GOAL OF THE EXERCISE:
Everything from the line containing "Nijntje/Miffy/Snuffy Miffy Sitting" down to the last line below should be set down exactly, and only that, without the pictures.

MATERIAL PROVIDED:
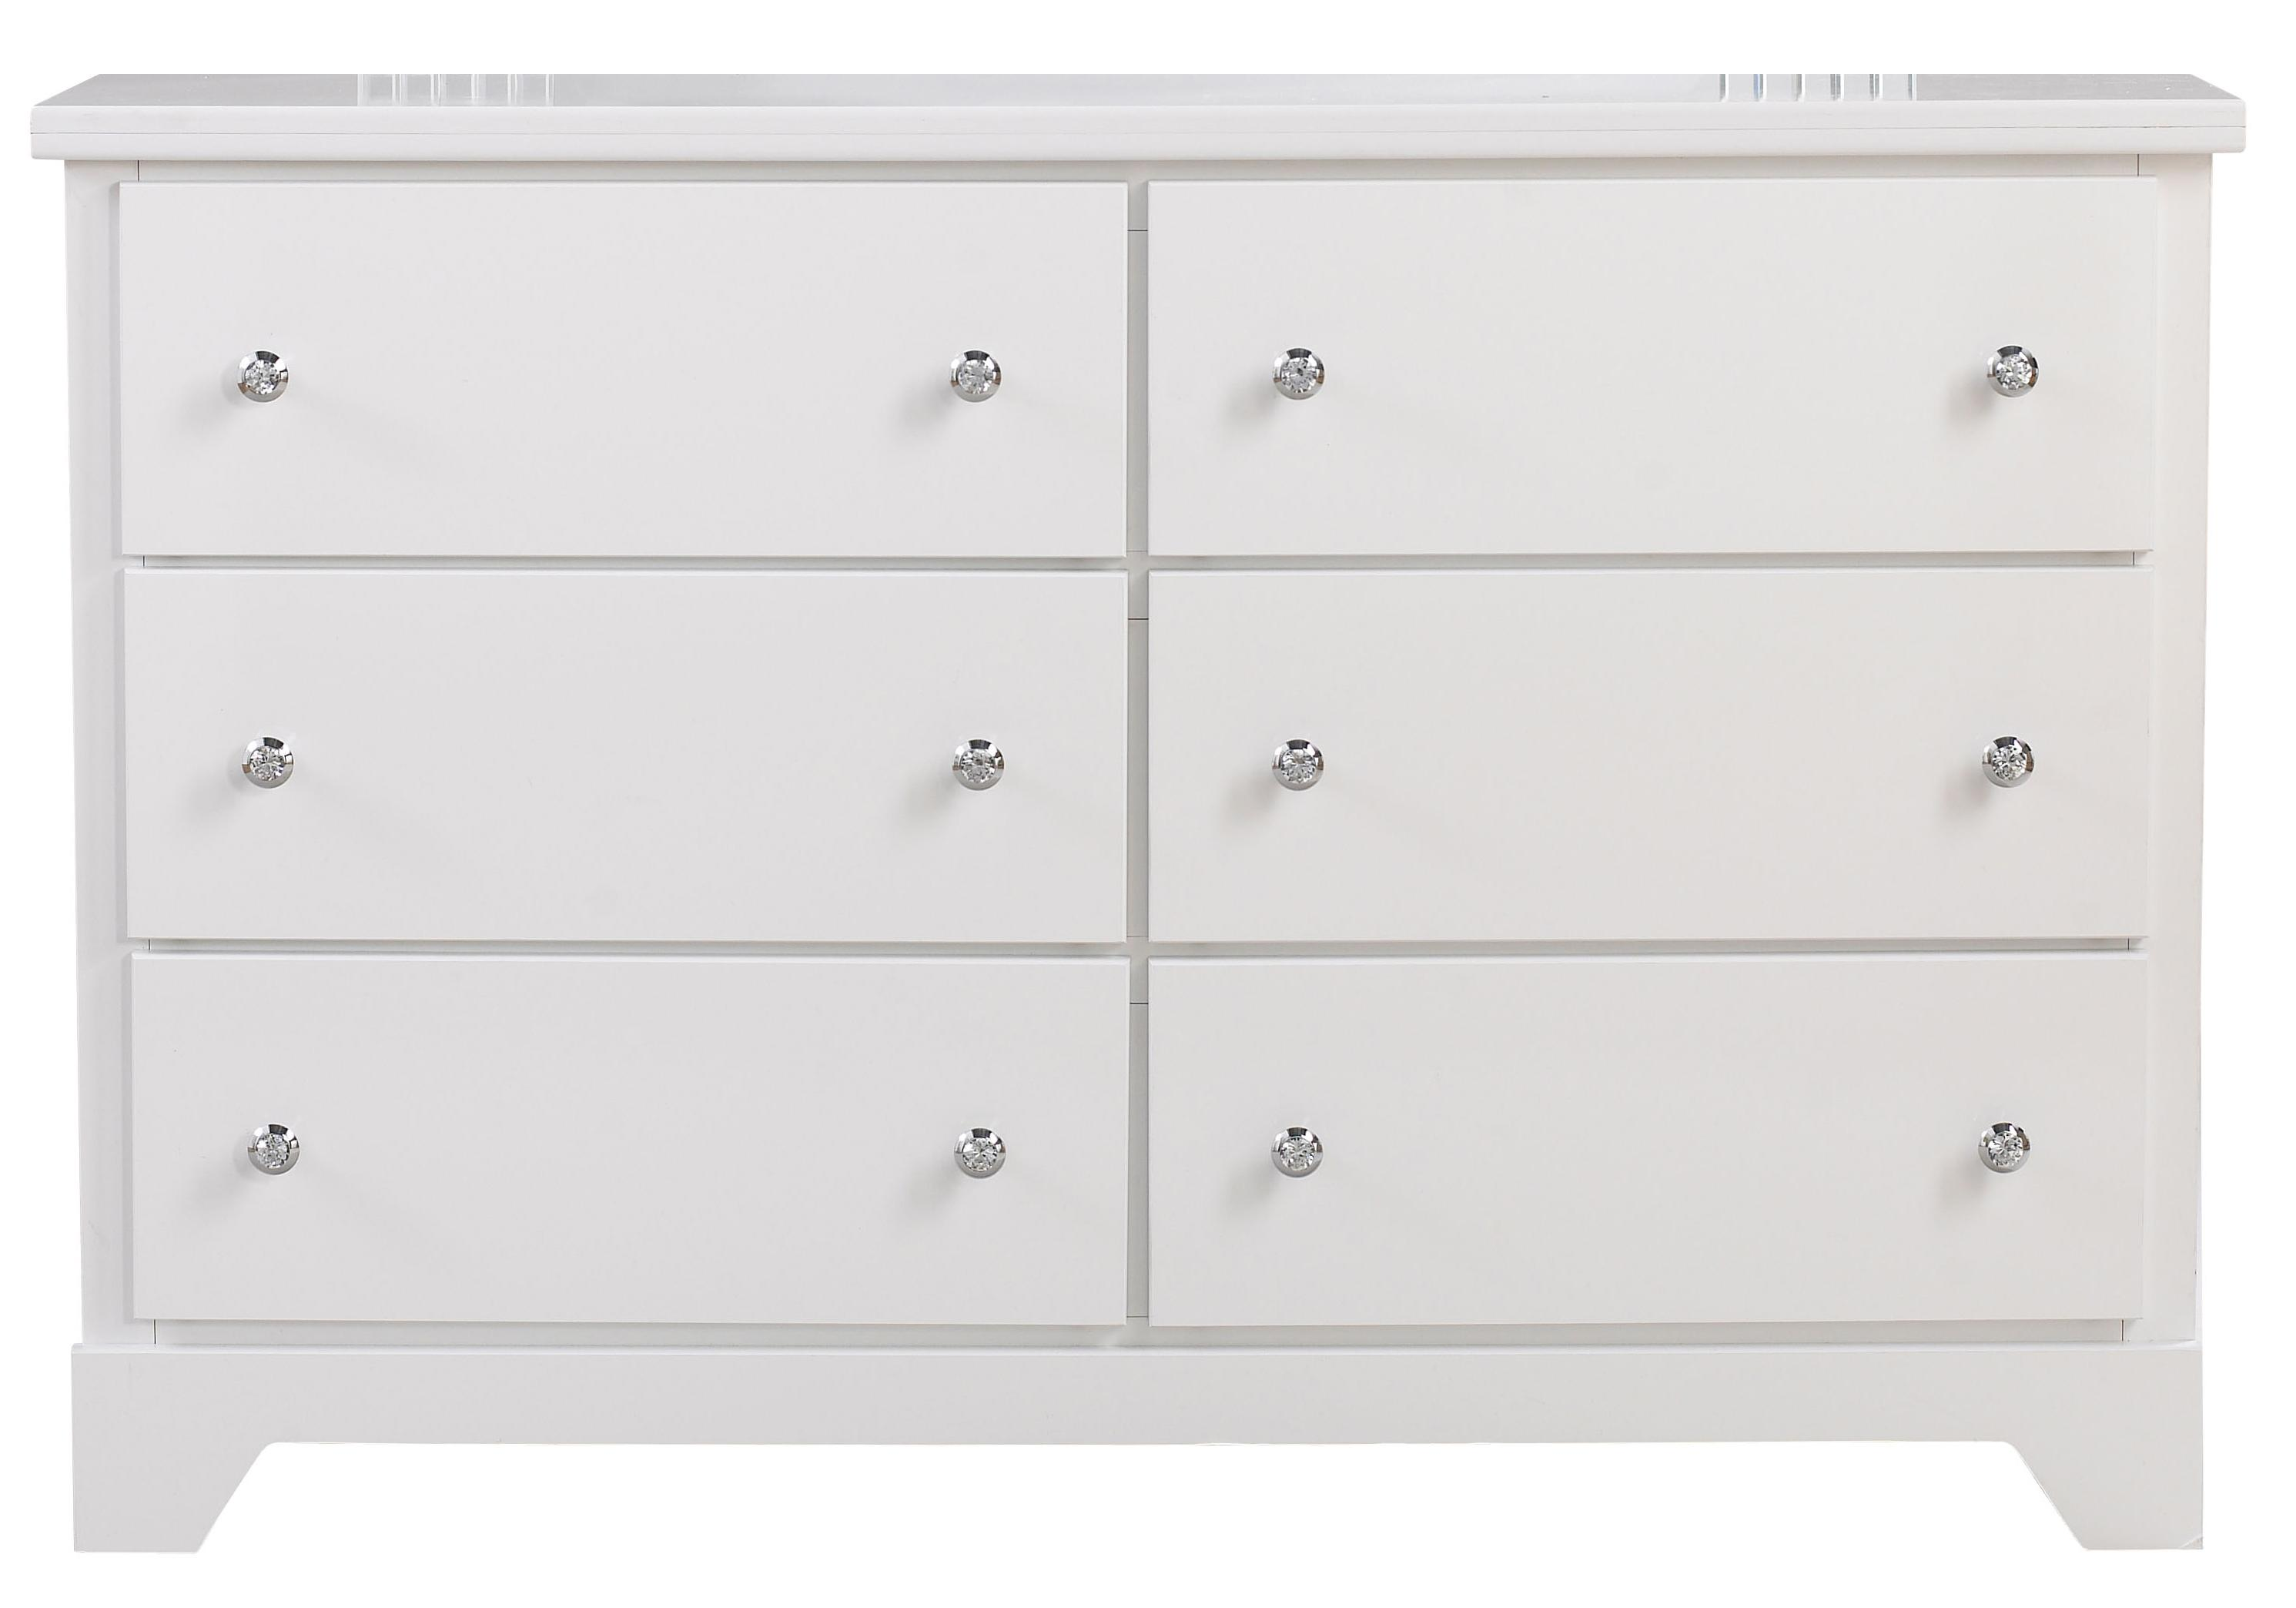 Standard Furniture Marilyn Youth White 6 Drawer Dresser - Item Number: 66309
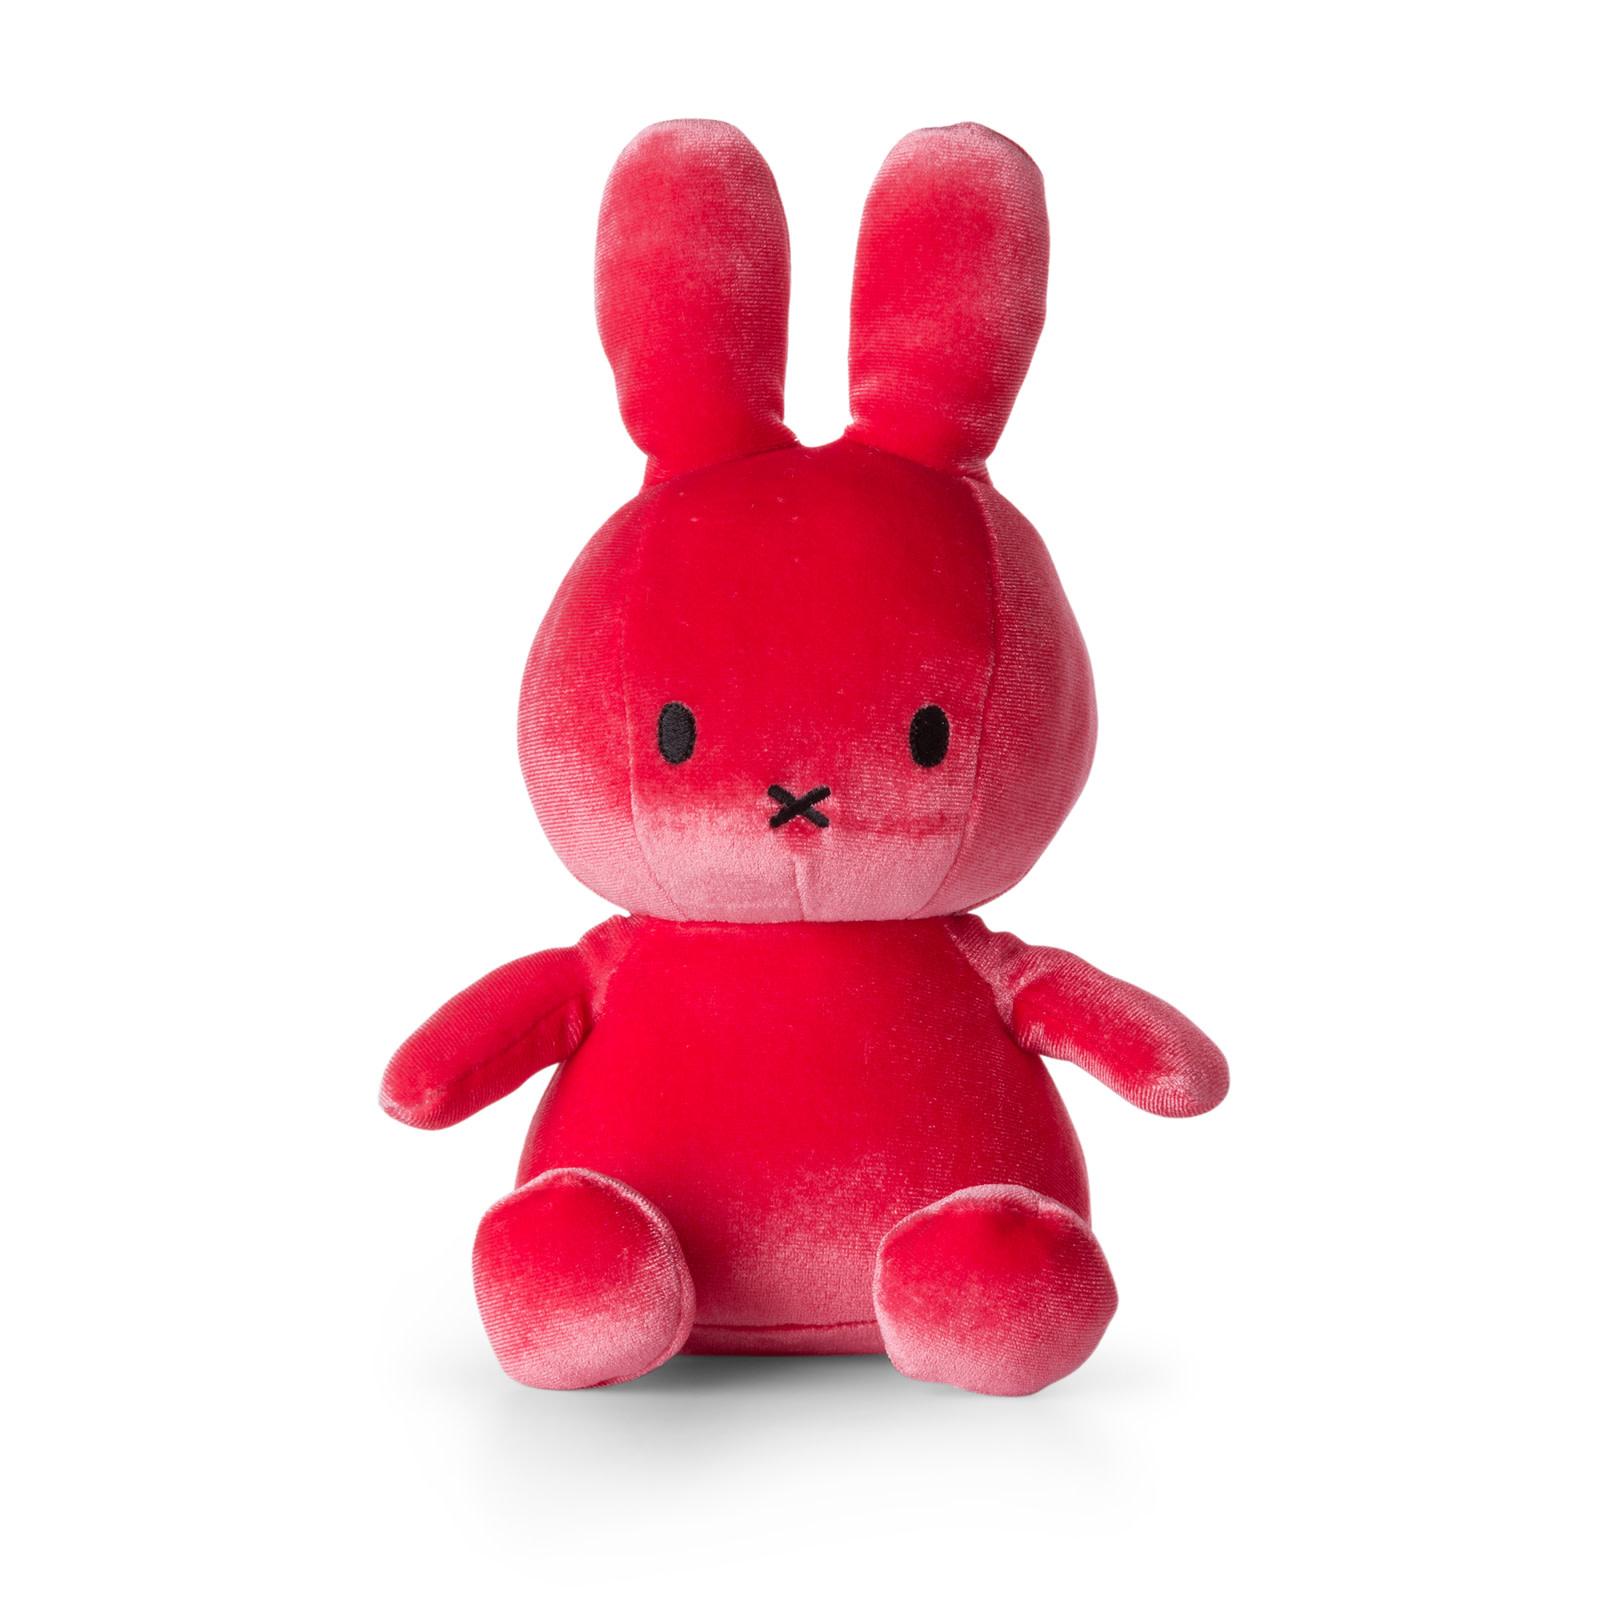 Nijntje/Miffy/Snuffy Miffy Sitting Velvet Candy Pink - 23 cm - 9
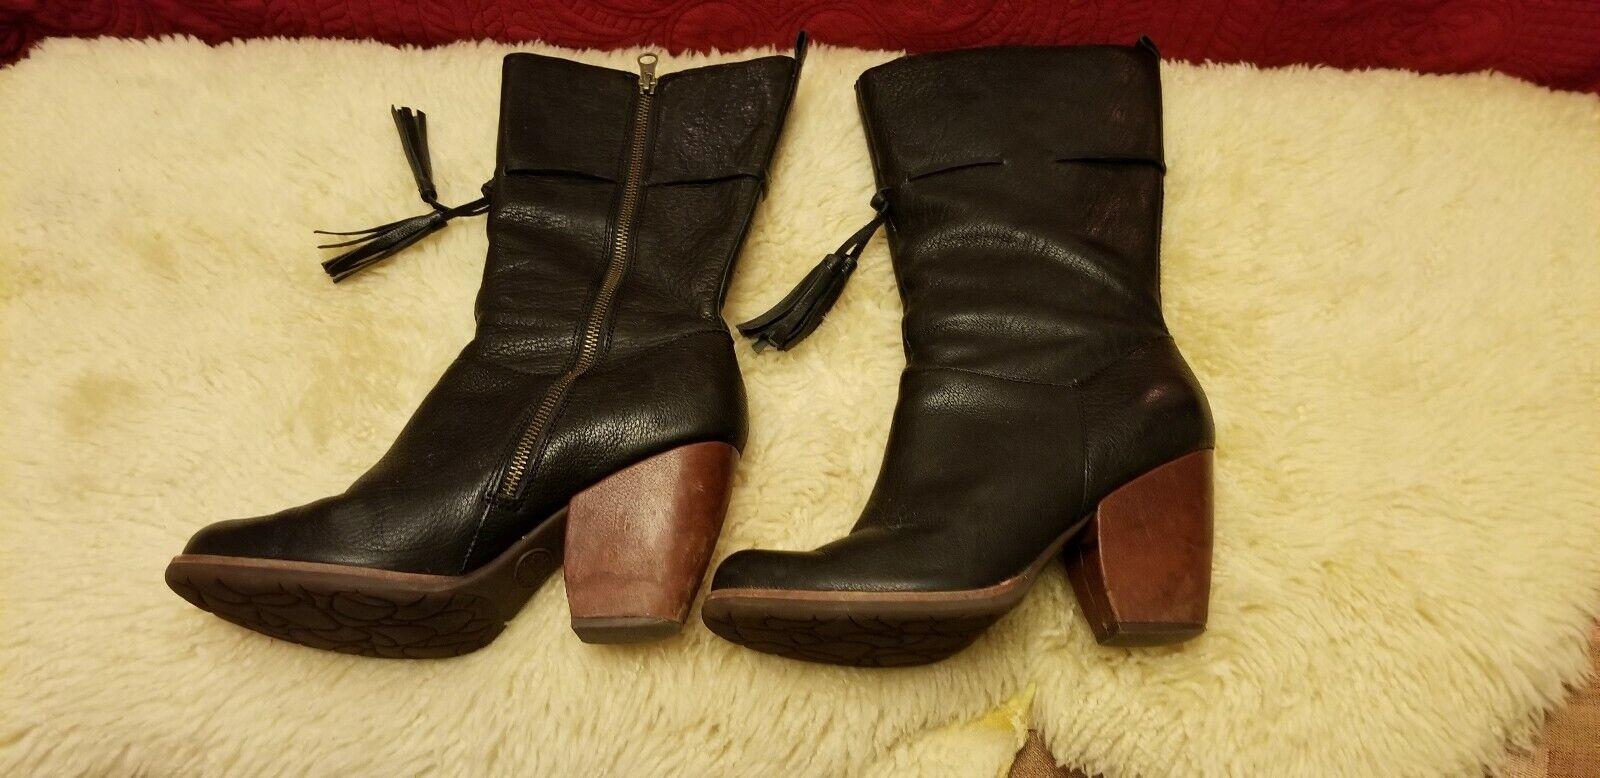 Boots, Kork Kork Kork ease boots 9, black,  Calf Length, Black W tassels 324d47

ANSWER TO THE PROBLEM:
 Nijntje/Miffy/Snuffy Miffy Sitting Velvet Candy Pink - 23 cm - 9
 Boots, Kork Kork Kork ease boots 9, black,  Calf Length, Black W tassels 324d47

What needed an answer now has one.